Wenngleich Osttimors Staatsführung in Gusmão und Ramos-Horta über integre Persönlichkeiten verfügt, die lange im Untergrund für die Freiheit gekämpft hatten, lehnte ausgerechnet dieses Tandem vehement eine Strafverfolgung von Tätern in den Jahren der indonesischen Besetzung von 1975 bis 1999 strikt ab und betrieb statt dessen in vorauseilendem Gehorsam die unbedingte »Normalität der nachbarschaftlichen Beziehungen zu Jakarta«. Wiederholt rechtfertigte Gusmão diese Position mit den Worten: »Wir sprechen von Gerechtigkeit als Gerechtigkeit und nicht als Rache. Stellen wir aber Gerechtigkeit vor Versöhnung, wird Indonesien dies als Rache betrachten.« Ende November 2005 sprach sich der Präsident in einer Rede an das Parlament gar gegen die Empfehlungen der Wahrheitskommission seines Landes aus und lehnte die Veröffentlichung des von ihr erstellten, 2500 Seiten starken Berichts ab. Gleichzeitig wandte sich der Präsident gegen die Empfehlung zur Wiedergutmachung für die zahlreichen Opfer seines Landes durch westliche Regierungen, die Indonesien mit Waffen beliefert und die Besatzung Osttimors gebilligt hatten. Der wohl geschmackloseste Kotau aber war, daß sich Gusmão ausgerechnet im indonesischen Wahljahr 2004 mit dem damaligen Präsidentschaftsaspiranten General Wiranto traf. Der war einst Oberkommandierender der indonesischen Streitkräfte und Verteidigungsminister seines Landes und gilt auch als Hauptverantwortlicher der Massaker von 1999.

Wer eine Kultur von Vergessen und Straffreiheit predigt, darf sich nicht wundern, wenn das Gefühl für Recht, Sicherheit und persönliche Unversehrtheit in einer Kultur von Rechtlosigkeit und Rache versinkt.

General Hadji Mohamed Suharto, der Drahtzieher aller Verbrechen und über drei Jahrzehnte hinweg ausgesprochener Liebling des Westens, genießt heute das Privileg der sattsam bekannten »Despoten-Krankheit«. Seit seinem Abgang von der politischen Bühne im Mai 1998 attestierten Ärzte ihm, er sei nicht vernehmungsfähig. Mitte Mai 2006 wurde das Verfahren gegen Suharto endgültig eingestellt. »Er ist kein Angeklagter mehr, sondern ein freier Mann«, verkündete der indonesische Generalstaatsanwalt Abdul Rahman und hob auch das Ausreiseverbot für den ehemaligen Diktator auf. Suharto wurde nie wegen Menschenrechtsvergehen, sondern nur der Korruption angeklagt.

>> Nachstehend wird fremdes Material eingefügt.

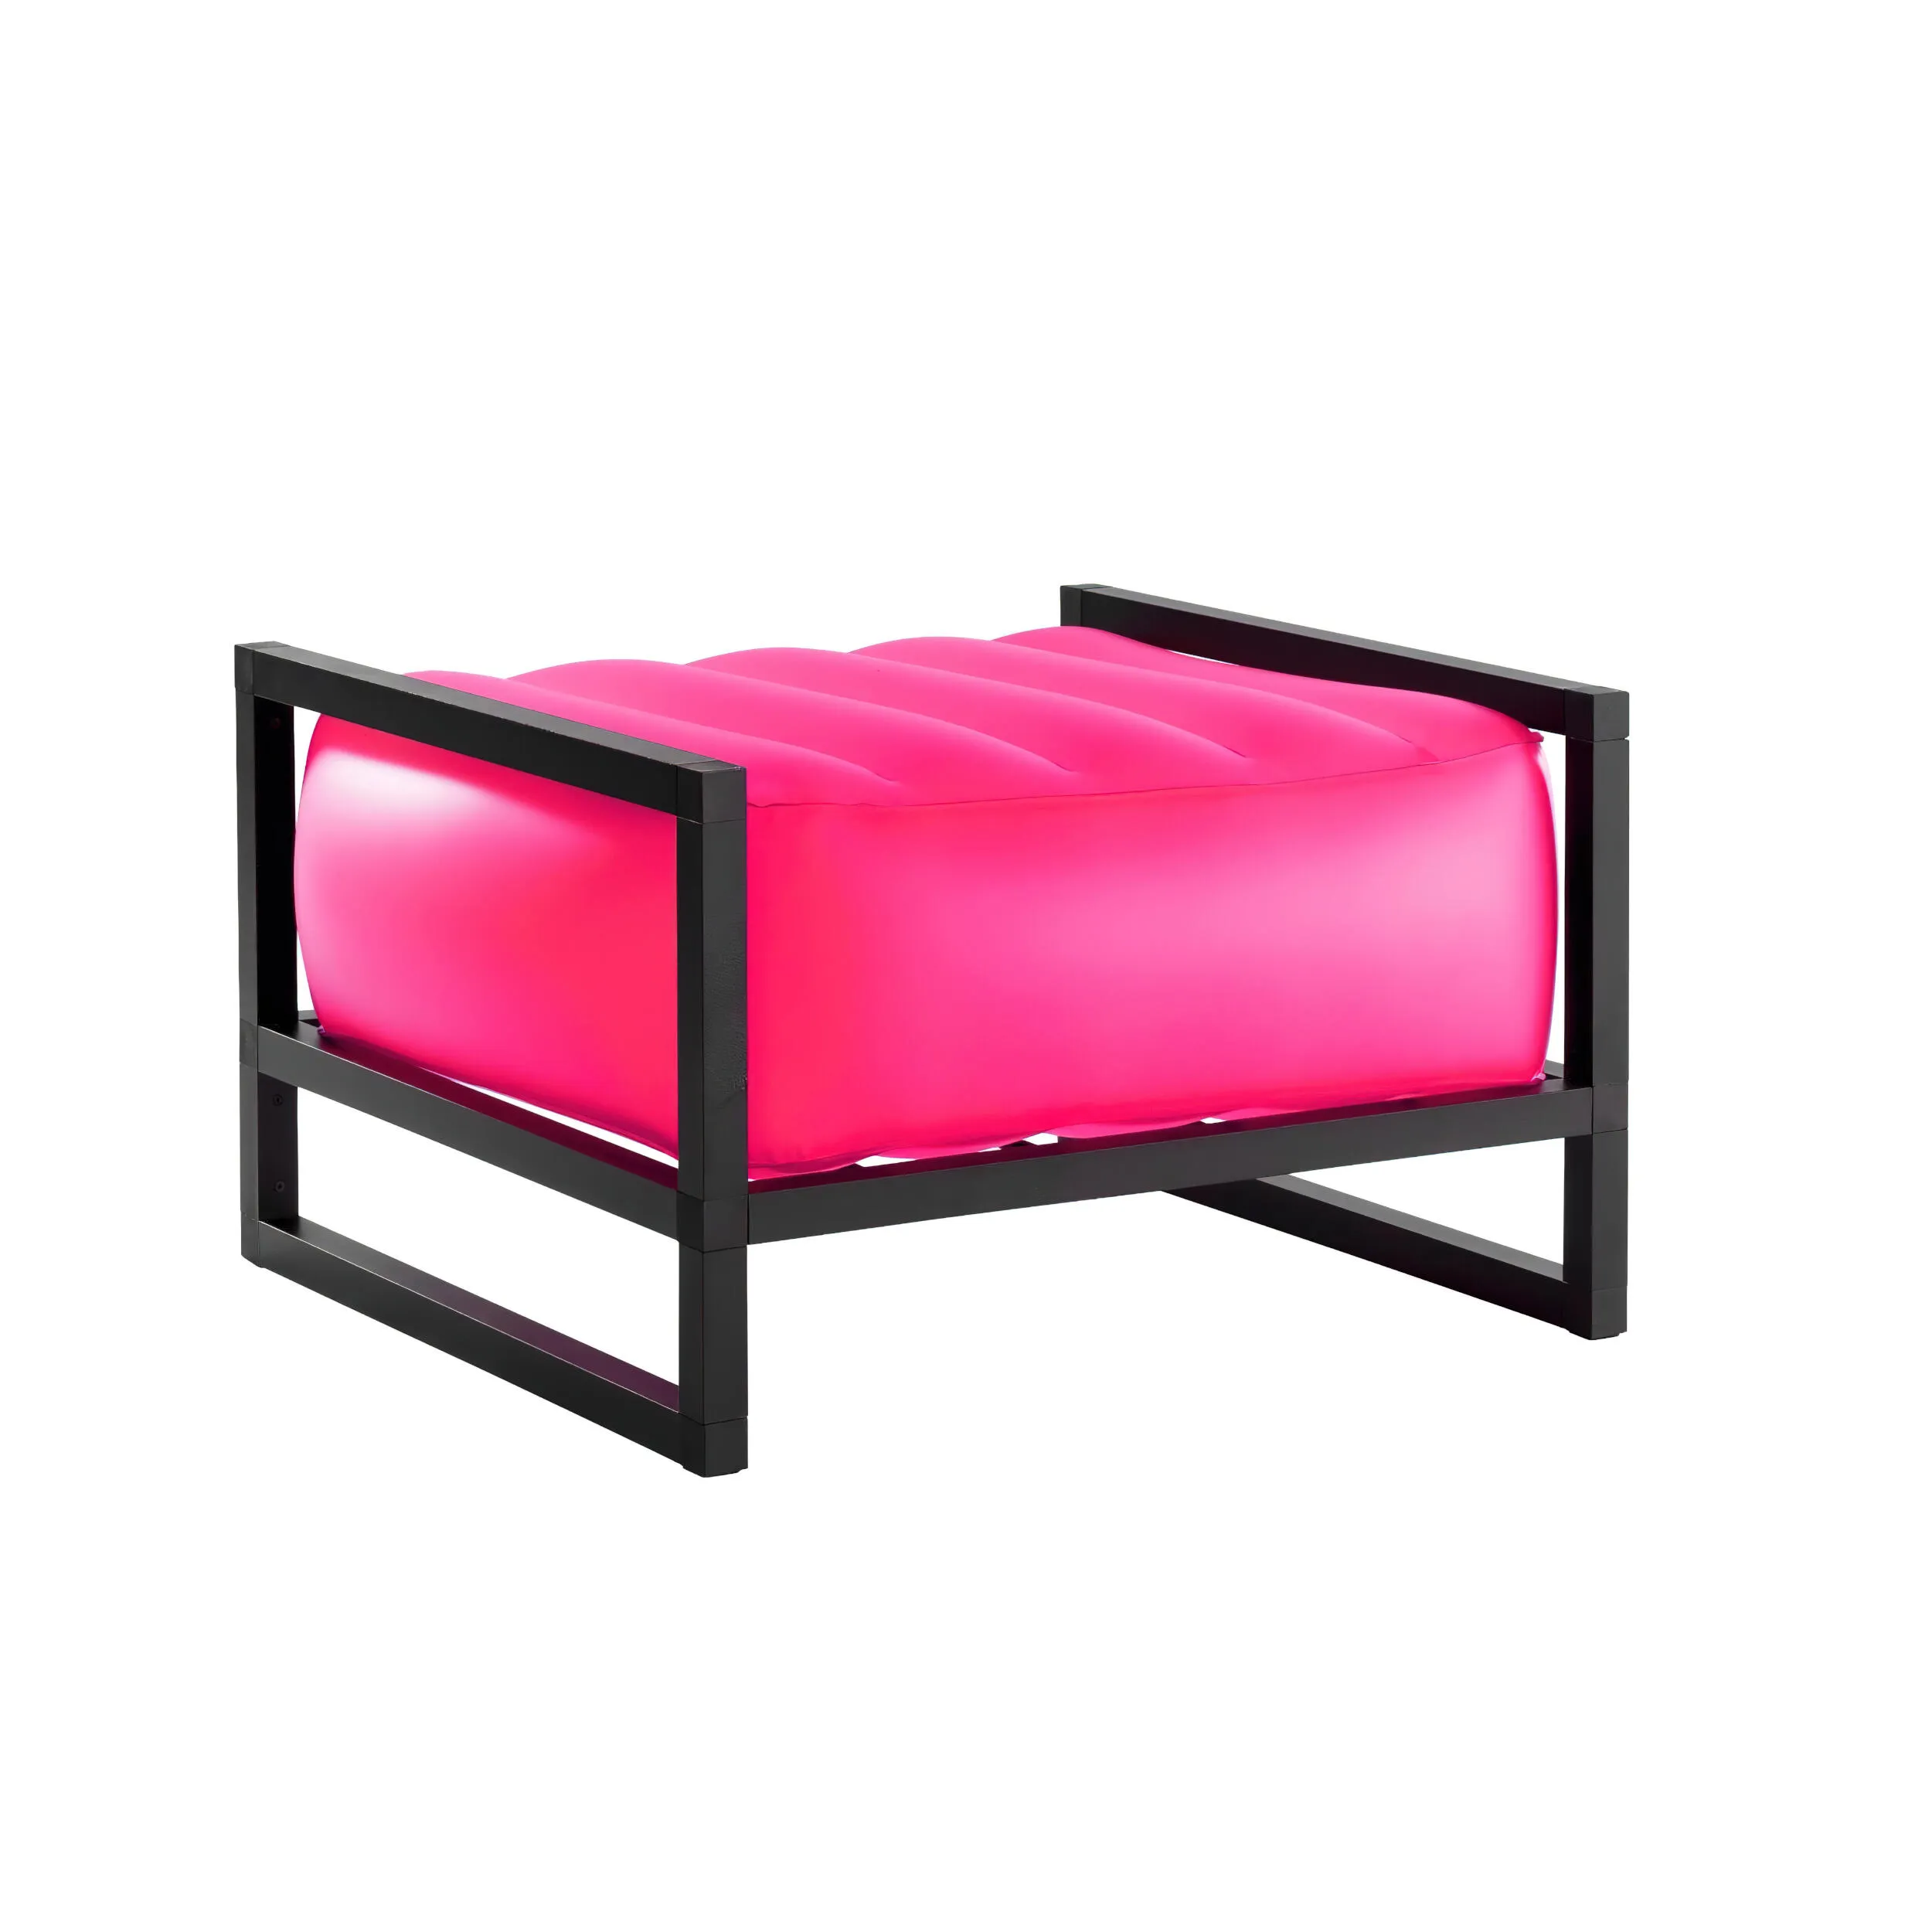 pouf Yomi eko illuminato struttura in legno naturale, dimensioni 62x70xH40 cm peso 9 kg, seduta gonfiabile in TPU colore rosa traslucido

Zwar hat die Regierung des seit 2004 amtierenden Präsidenten Susilo Bambang Yudhoyono, auch er ein Exgeneral, die Bekämpfung von Korruption groß auf ihre Fahnen geschrieben. Doch dessen langjährigem Mentor und Kollegen Suharto sieht man es offensichtlich nach, das Volk nach Berechnungen von Transparency International um mindestens 15 Milliarden US-Dollar bestohlen und damit seinen Klan und eine ihm treu ergebene Klientel großzügig ausgehalten zu haben.

Indonesien blieb auch erspart, was beispielsweise im Falle von Ruanda und dem früheren Jugoslawien eingefordert wurde: nämlich die Geschichte von Greuel und Gewalt einer internationalen Strafgerichtsbarkeit zu überantworten und zu verurteilen. Es wurde Jakarta überlassen, seine eigene »Vergangenheitsbewältigung« zu betreiben und seine Generalität systematisch weißzuwaschen. Mit dem Resultat, daß sämtliche Hauptschuldigen der Osttimor-Massaker in Jakarta freigesprochen wurden oder eine Haftstrafe nie antreten mußten. In Osttimor hingegen ließen die Gerichte siebzig Angeklagte hinter Gitter sperren – ausnahmslos eigene Staatsbürger.